DATASET EXTRACT:
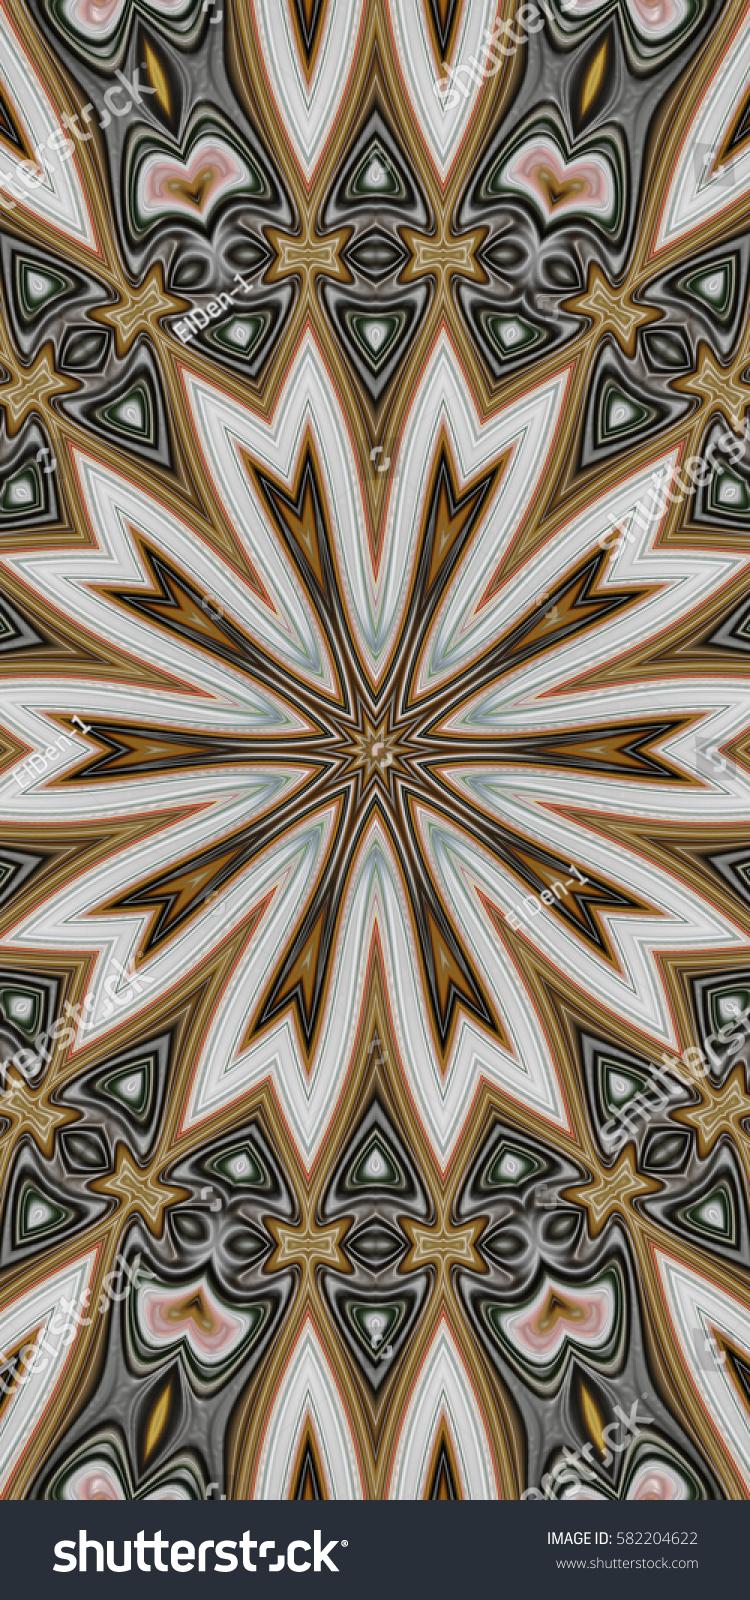 Royalty Free Stock Illustration Of Modern Floral Pattern
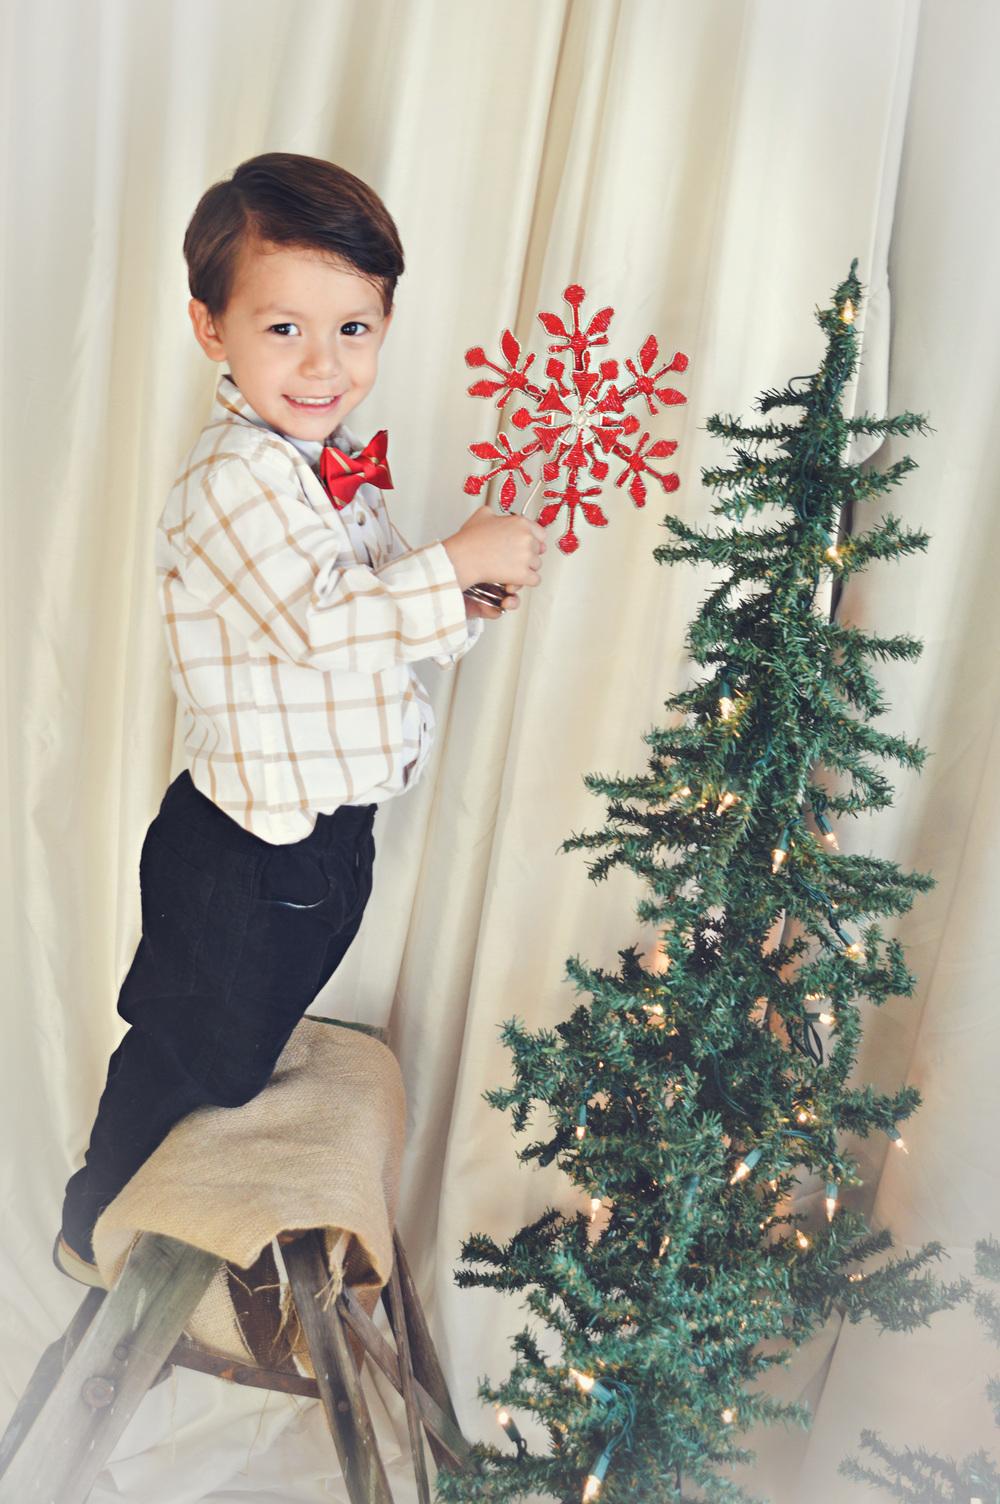 puttingstaronthetree-littleboy-christmas-childphotography-joplinmissouri-photosbyariel
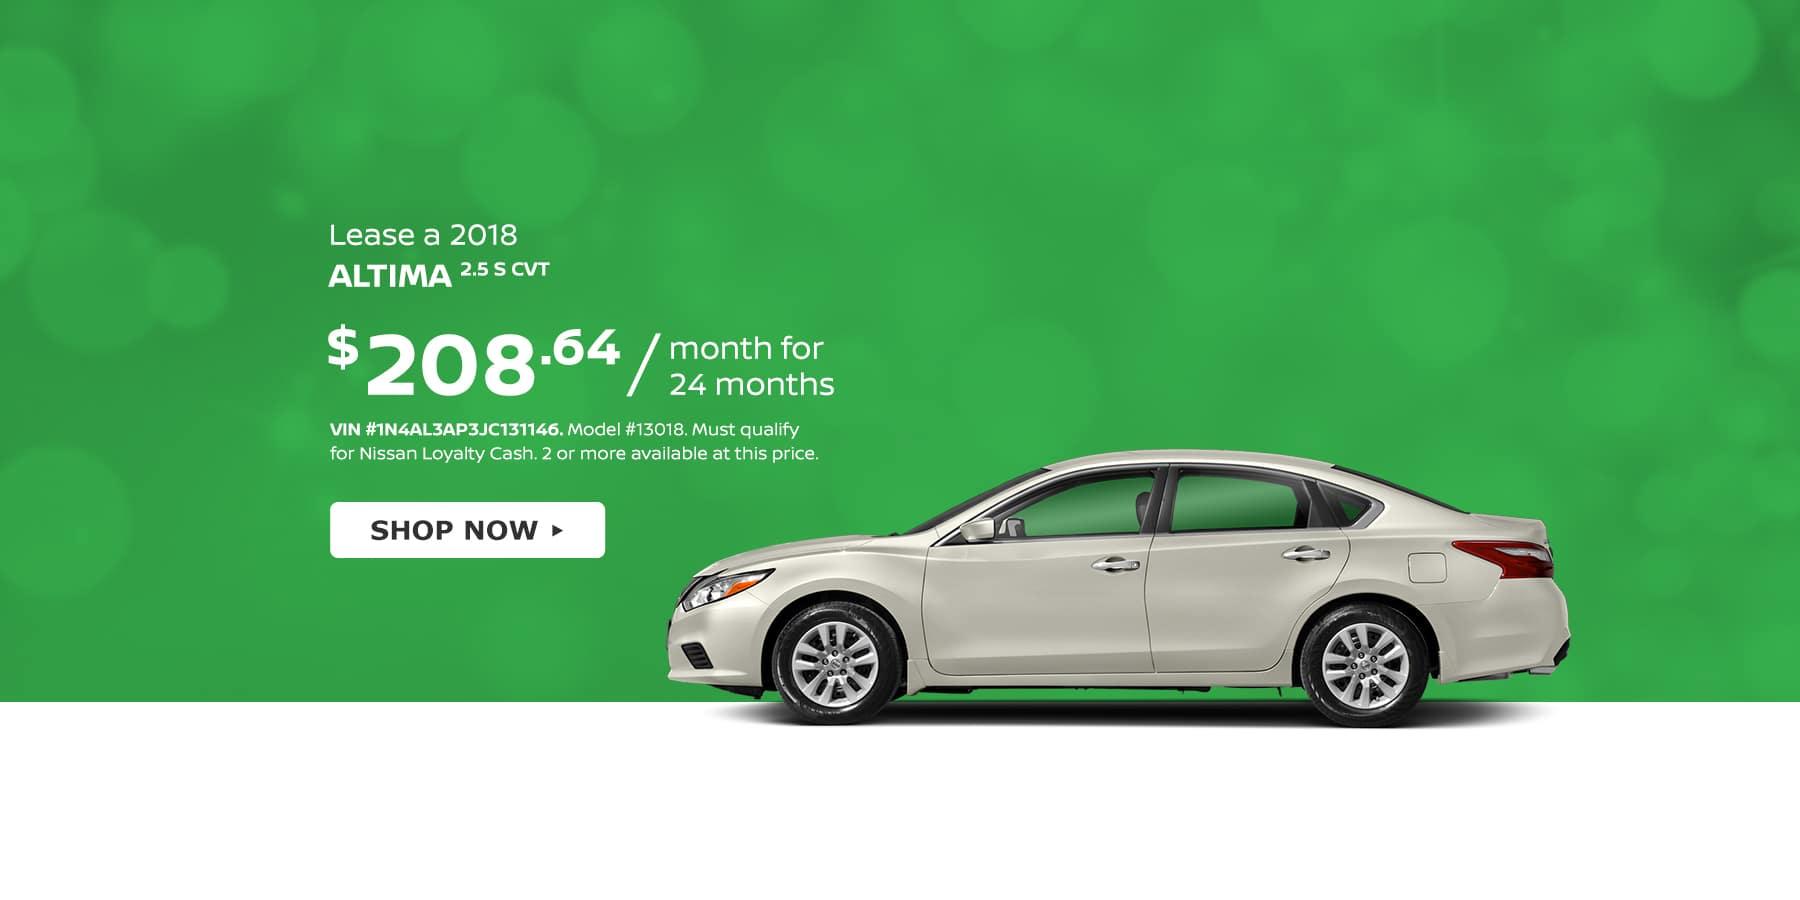 Altima Tamaroff Nissan March Offer Homepage

WHAT YOU WILL DO: Every line above should be reproduced exactly, please, with no pictures included.

RESPONSE TO THIS TASK:
 Royalty Free Stock Illustration Of Modern Floral Pattern
 puttingstaronthetree-littleboy-christmas-childphotography-joplinmissouri-photosbyariel
 Altima Tamaroff Nissan March Offer Homepage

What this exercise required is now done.